You might wonder why we want to extract the features from an intermediate layer in a DCNN. The reasoning is that as the network learns to classify images into categories, each layer learns to identify the features that are necessary to perform the final classification. Lower layers identify lower-order features such as color and edges, and higher layers compose these lower-order features into higher-order features such as shapes or objects. Hence, the intermediate layer has the capability to extract important features from an image, and these features are more likely to help in different kinds of classification.
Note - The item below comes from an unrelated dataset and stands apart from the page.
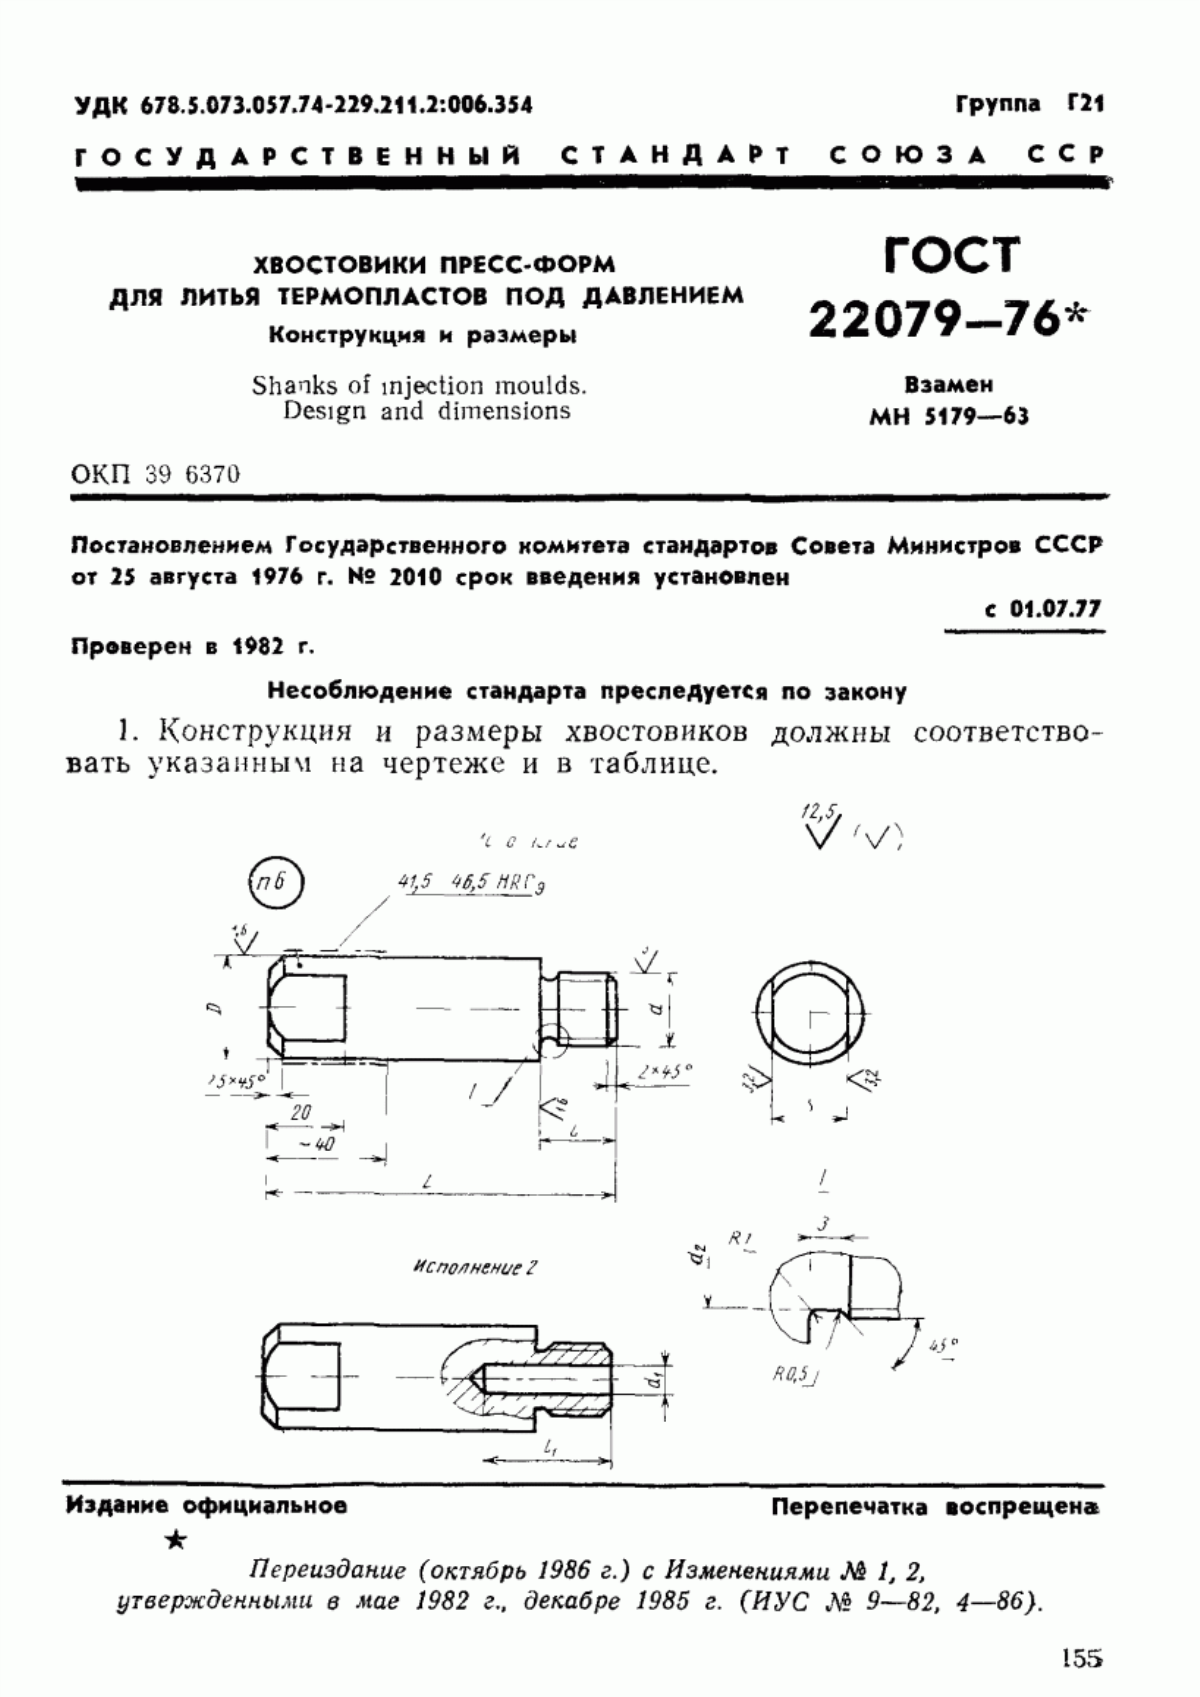 ГОСТ 22079-76 Хвостовики пресс-форм для литья термопластов под давлением. Конструкция и размеры

This has multiple advantages. First, we can rely on publicly available large-scale training and transfer this learning to novel domains. Second, we can save time on expensive training. Third, we can provide reasonable solutions even when we don’t have a large number of training examples for our domain. We also get a good starting network shape for the task at hand, instead of guessing it.

With this, we will conclude the overview of VGG16 CNNs, the last deep learning model defined in this chapter.
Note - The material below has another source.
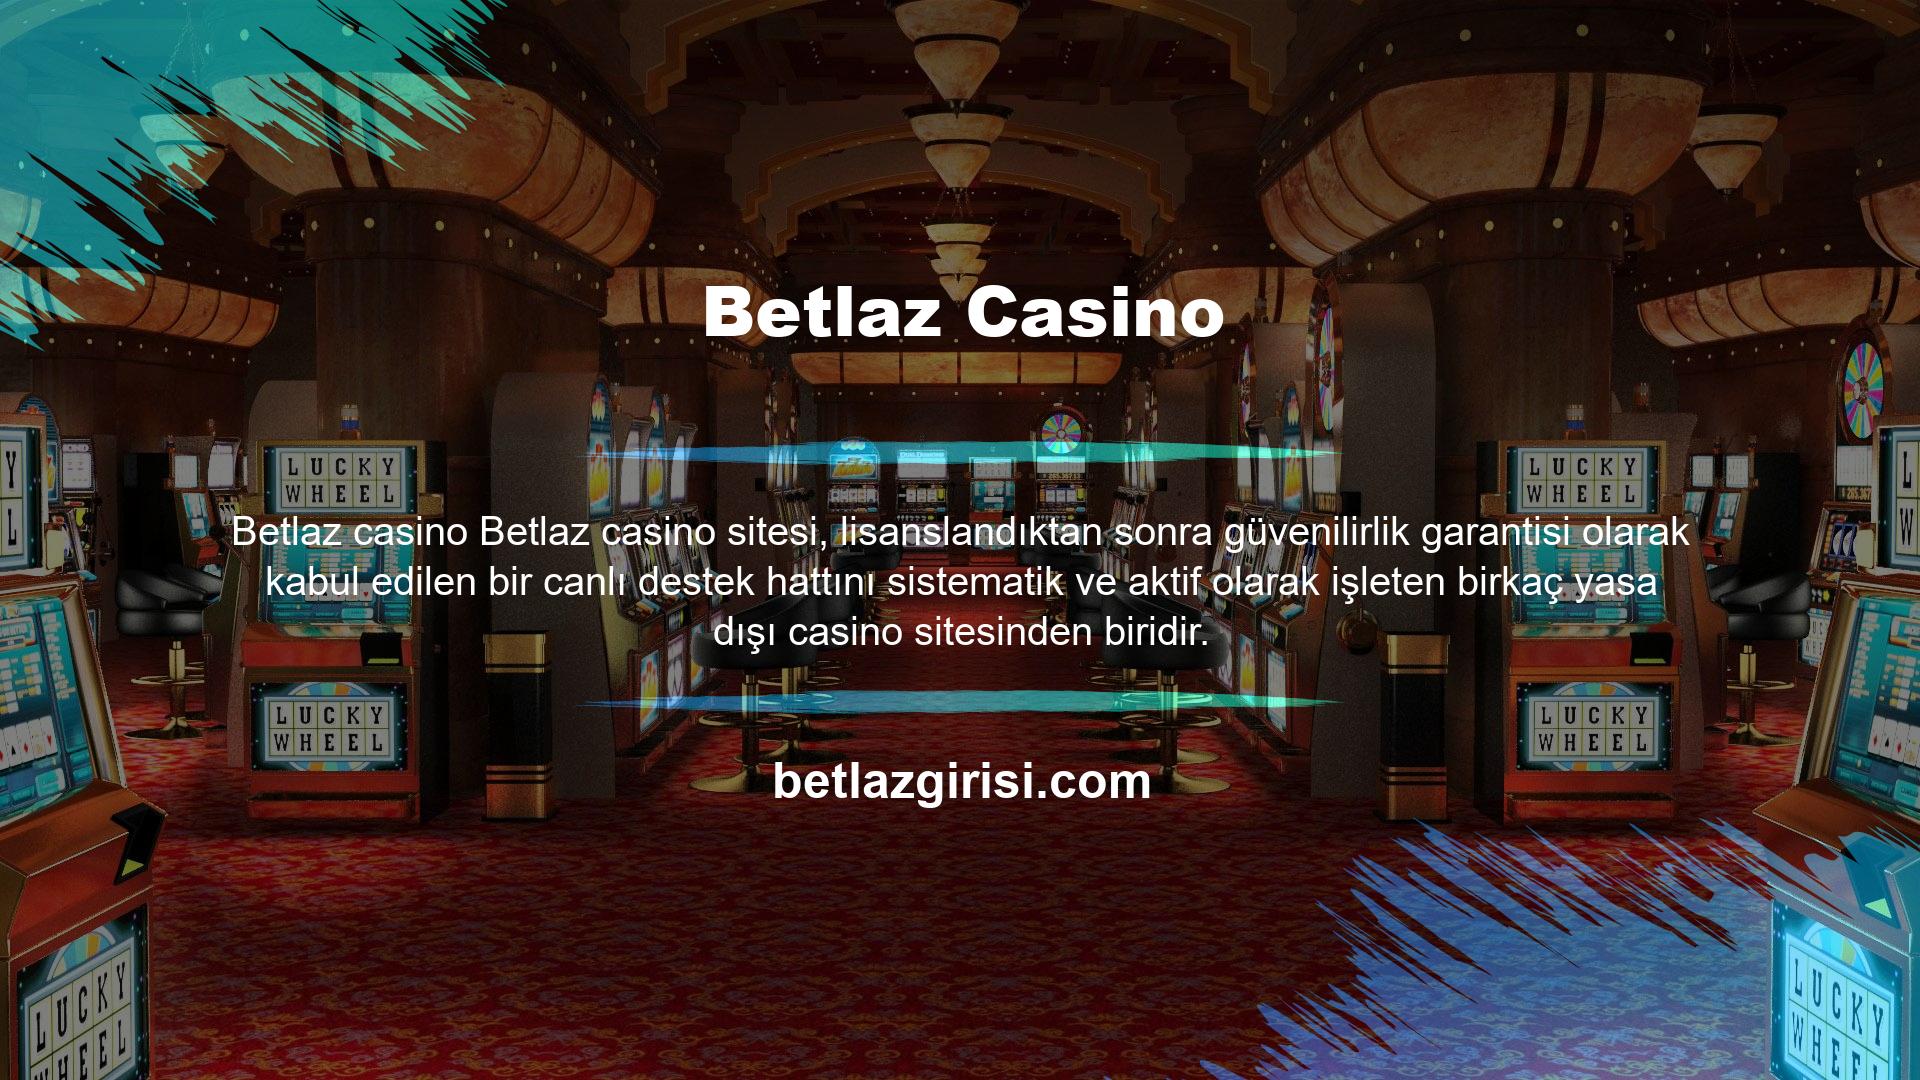 Bahisçiler, Web Sitesinden aldıkları casino hizmetlerini ve Web Sitesi üzerinden yapılan ödeme işlemlerini Betlaz Bahis Sitesi Lisanslama Standartlarına uygun olarak sağlamaktadır

Deep Inception V3 for transfer learning

Transfer learning is a very powerful deep learning technique that has applications in a number of different domains. The idea behind transfer learning is very simple and can be explained with an analogy. Suppose you want to learn a new language, say Spanish. Then it could be useful to start from what you already know in a different language, say English.
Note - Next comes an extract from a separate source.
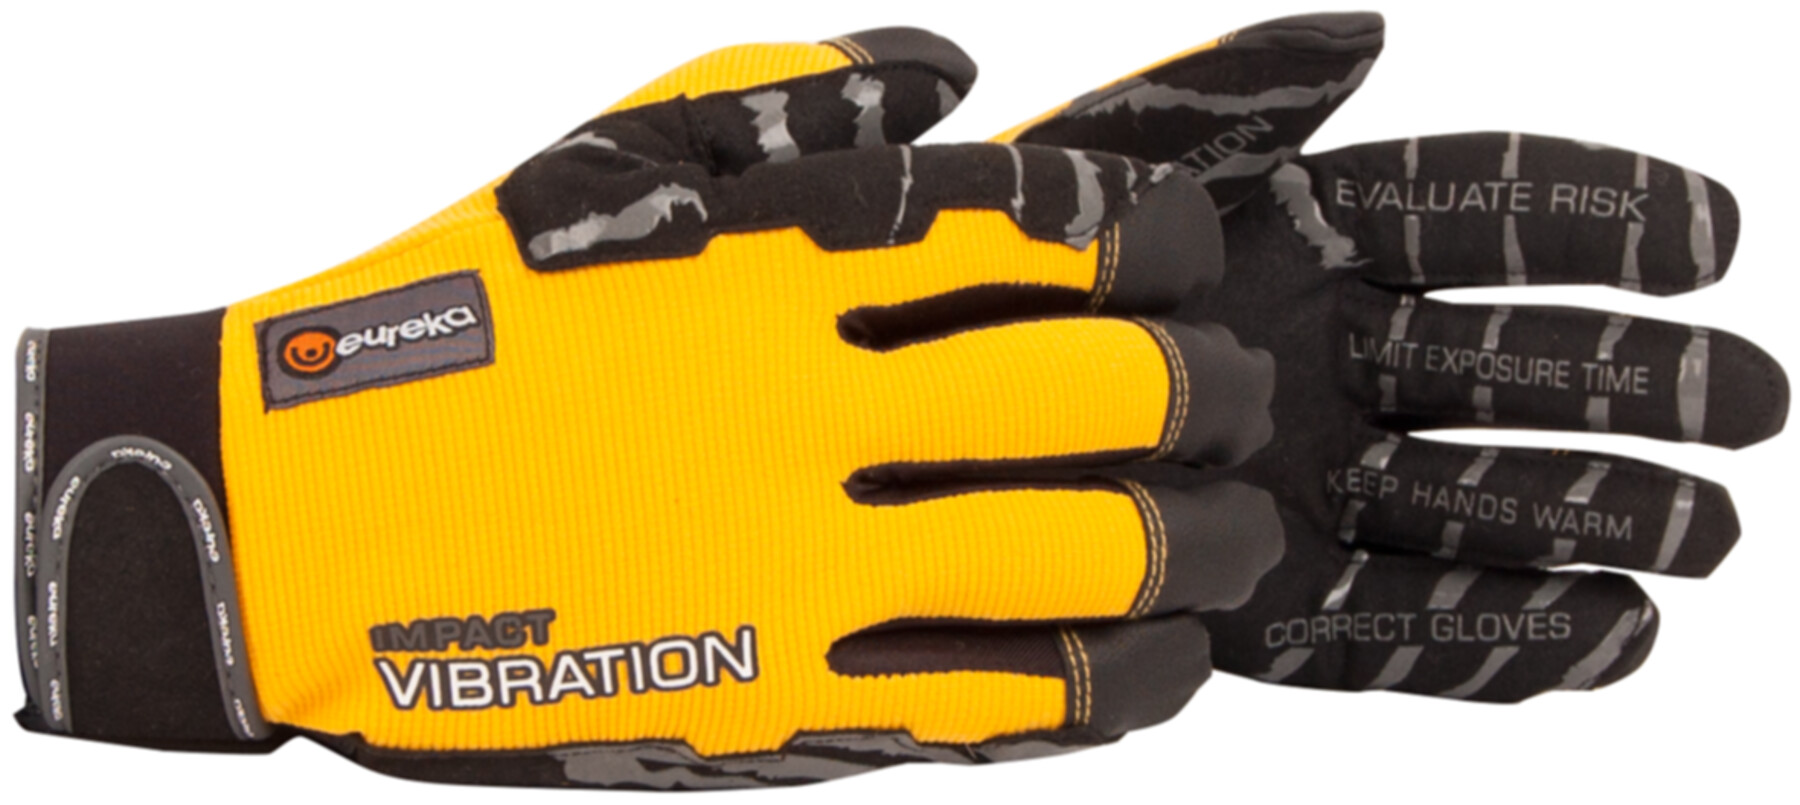 SIP Protection Anti-Vibration Forsthandschuhe mit mechanischer Resistenz  EN388 3 1 3 2 Handschuhe für Kettensägenarbeiten

Following this line of thinking, computer vision researchers now commonly use pretrained CNNs to generate representations for novel tasks [1], where the dataset may not be large enough to train an entire CNN from scratch. Another common tactic is to take the pretrained ImageNet network and then fine-tune the entire network to the novel task. For instance, we can take a network trained to recognize 10 categories of music and fine-tune it to recognize 20 categories of movies.

Inception V3 is a very deep ConvNet developed by Google [2]. tf.Keras implements the full network, as described in Figure 3.14, and it comes pretrained on ImageNet. The default input size for this model is 299x299 on three channels:

Figure 3.14: The Inception V3 deep learning model

This skeleton example is inspired by a scheme available online (see https://keras.io/applications/). Let’s suppose we have a training dataset D in a different domain from ImageNet. D has 1,024 features in input and 200 categories in output. Let’s look at a code fragment:

import tensorflow as tf
from tensorflow.keras.applications.inception_v3 import InceptionV3
from tensorflow.keras.preprocessing import image
from tensorflow.keras import layers, models
# create the base pre-trained model
base_model = InceptionV3(weights='imagenet', include_top=False)

We use a trained Inception V3 model: we do not include the fully connected layer – the dense layer with 1,024 inputs – because we want to fine-tune on D. The preceding code fragment will download the pretrained weights on our behalf:

Downloading data from https://github.com/fchollet/deep-learning-models/releases/download/v0.5/inception_v3_weights_tf_dim_ordering_tf_kernels_notop.h5
87916544/87910968 [===========================] – 26s 0us/step

So, if you look at the last four layers (where include_top=True), you see these shapes:

# layer.name, layer.input_shape, layer.output_shape
('mixed10', [(None, 8, 8, 320), (None, 8, 8, 768), (None, 8, 8, 768), (None, 8, 8, 192)], (None, 8, 8, 2048))
('avg_pool', (None, 8, 8, 2048), (None, 1, 1, 2048))
('flatten', (None, 1, 1, 2048), (None, 2048))
('predictions', (None, 2048), (None, 1000))

When include_top=False, you are removing the last three layers and exposing the mixed_10 layer. The GlobalAveragePooling2D layer converts (None, 8, 8, 2048) to (None, 2048), where each element in the (None, 2048) tensor is the average value for each corresponding (8,8) subtensor in the (None, 8, 8, 2048) tensor. None means an unspecified dimension, which is useful if you define a placeholder:

x = base_model.output
# let's add a fully-connected layer as first layer
x = layers.Dense(1024, activation='relu')(x)
# and a logistic layer with 200 classes as last layer
predictions = layers.Dense(200, activation='softmax')(x)
# model to train
model = models.Model(inputs=base_model.input, outputs=predictions)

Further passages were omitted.